Given two categories $\mathcal{C}$ and $\mathcal{D}$ a covariant functor $T:\mathcal{C}\to\mathcal{D}$ consists of an assignment for each object $X$ of $\mathcal{C}$ an object $T(X)$ of $\mathcal{D}$ (i.e. a ``function'' $T:{\rm Ob}(\mathcal{C})\to{\rm Ob}(\mathcal{D})$ together with an assignment for every morphism $f\in{\rm Hom}_{\mathcal{C}}(A,B)$ to a morphism $T(f)\in{\rm Hom}_{\mathcal{D}}(T(A),T(B))$ such that:

• $T(1_A) = 1_{T(A)}$ where $1_X$ denotes the identity morphism on the object $X$ (in the respective category).
• $T(g \circ f) = T(g)\circ T(f)$ whenever the composition $g\circ f$ is defined.

A contravariant functor $T :\mathcal{C}\to\mathcal{D}$ is just a covariant functor $T:\mathcal{C}^{\rm op}\to\mathcal{D}$ from the opposite category. In other words, the assignment reverses the direction of maps.
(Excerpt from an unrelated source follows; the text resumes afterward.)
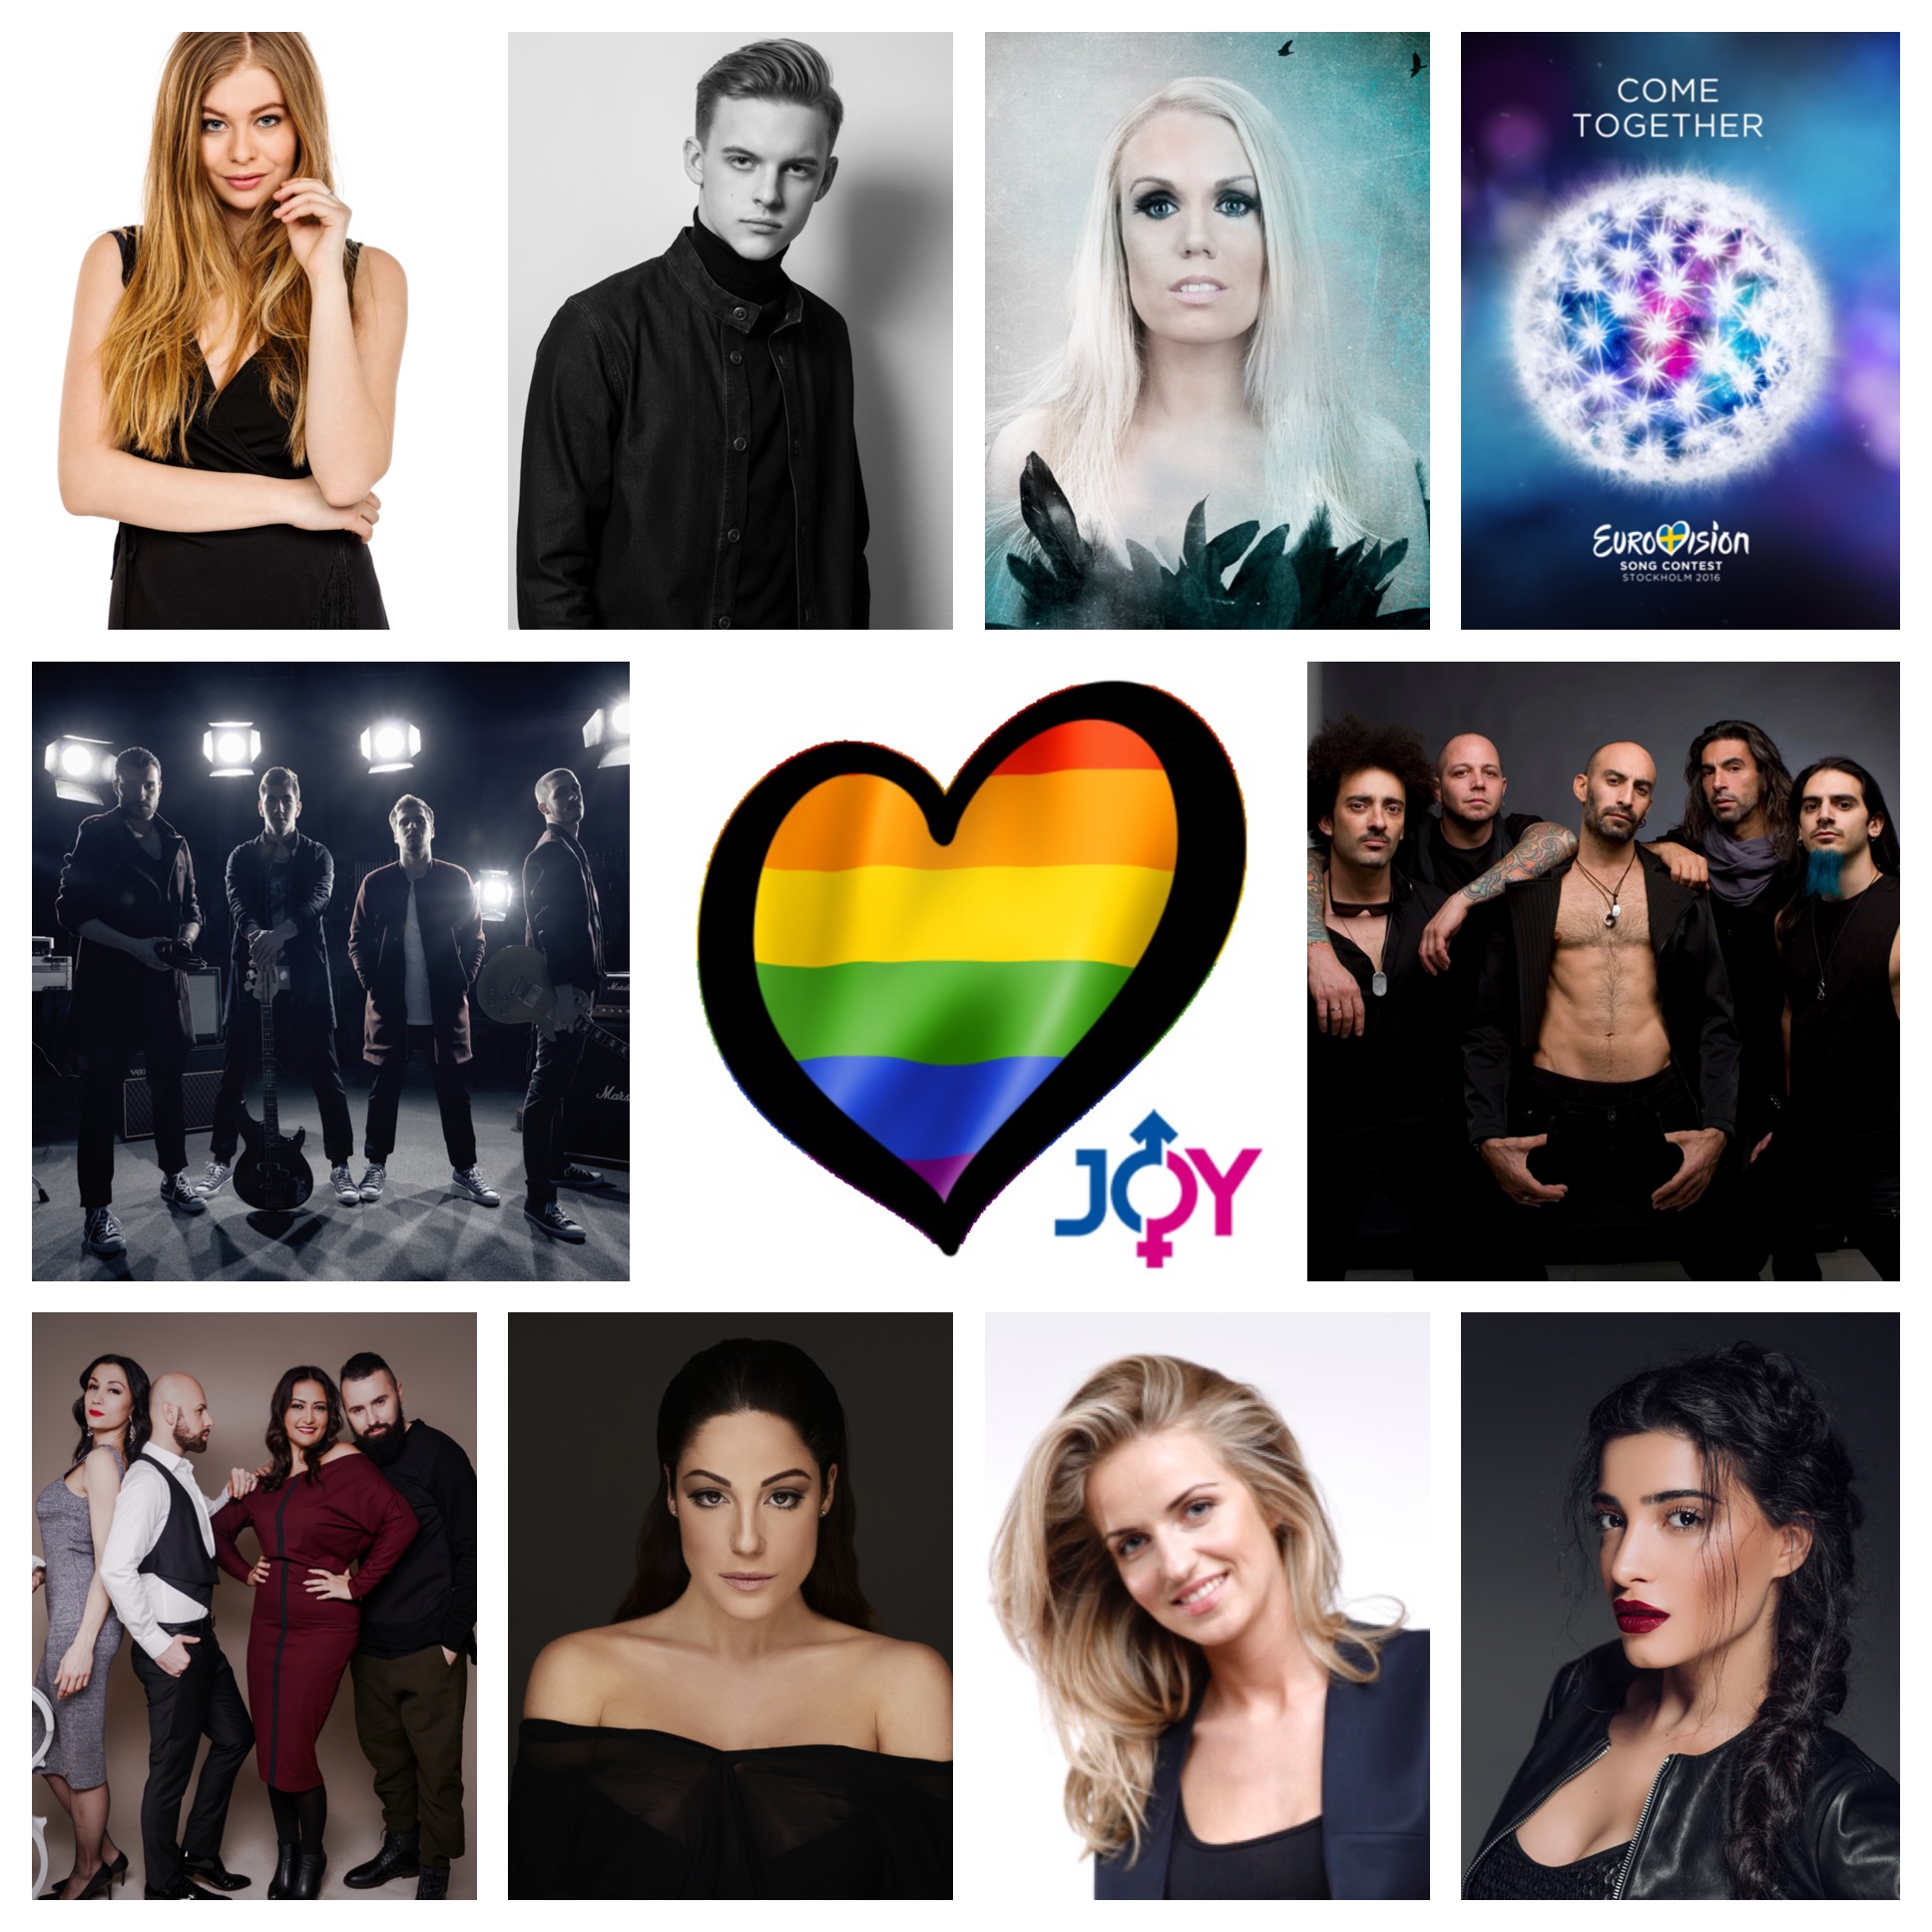 From Czechia to Malta: Eurovision 2016 Semi 1, Second Half Preview
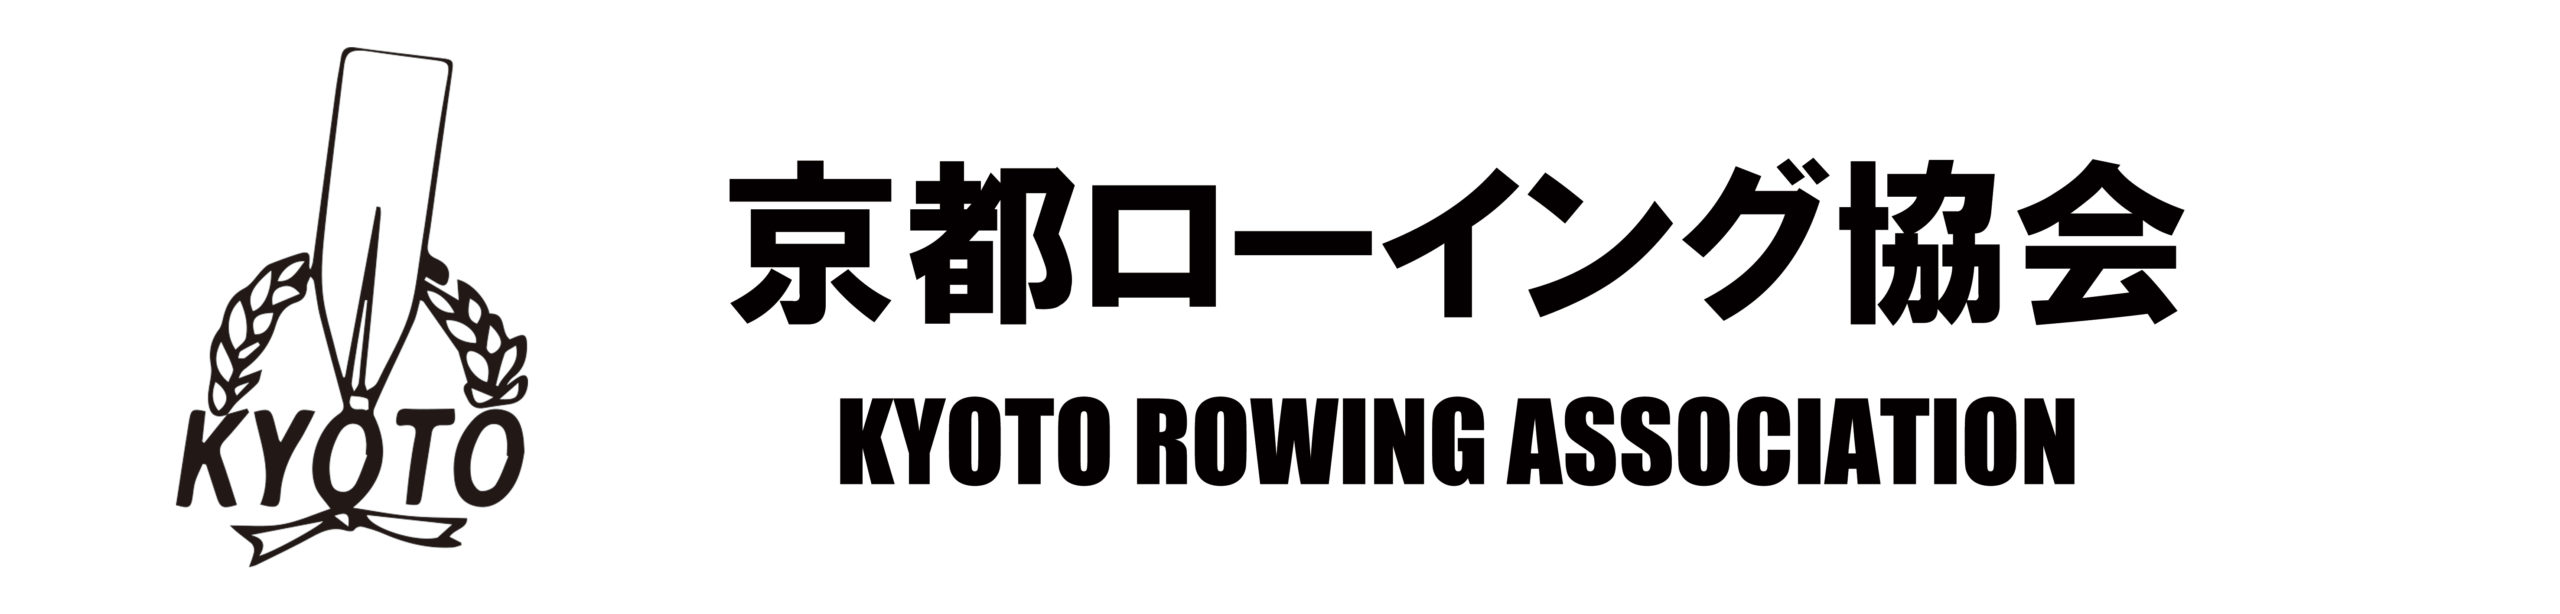 Kyoto Rowing Association

If $f\in{\rm Hom}_{\mathcal{C}}(A,B)$ then $T(f)\in{\rm Hom}_{\mathcal{D}}(T(B),T(A))$ and $T(g\circ f) = T(f)\circ T(g)$ whenever the composition is defined (the domain of $g$ is the same as the codomain of $f$ .

Given a category $\mathcal{C}$ and an object $X$ we always have the functor $T : \mathcal{C}\to{\bf Sets}$ to the category of sets defined on objects by $T(A) = {\rm Hom}(X, A)$ If $f : A \to B$ is a morphism of $\mathcal{C}$ then we define $T(f) : {\rm Hom}(X,A)\to {\rm Hom}(X,B)$ by $g\mapsto f\circ g$ This is a covariant functor, denoted by ${\rm Hom}(X,-)$

Similarly, one can define a contravariant functor ${\rm Hom}(-,X) :\mathcal{C}\to{\bf Sets}$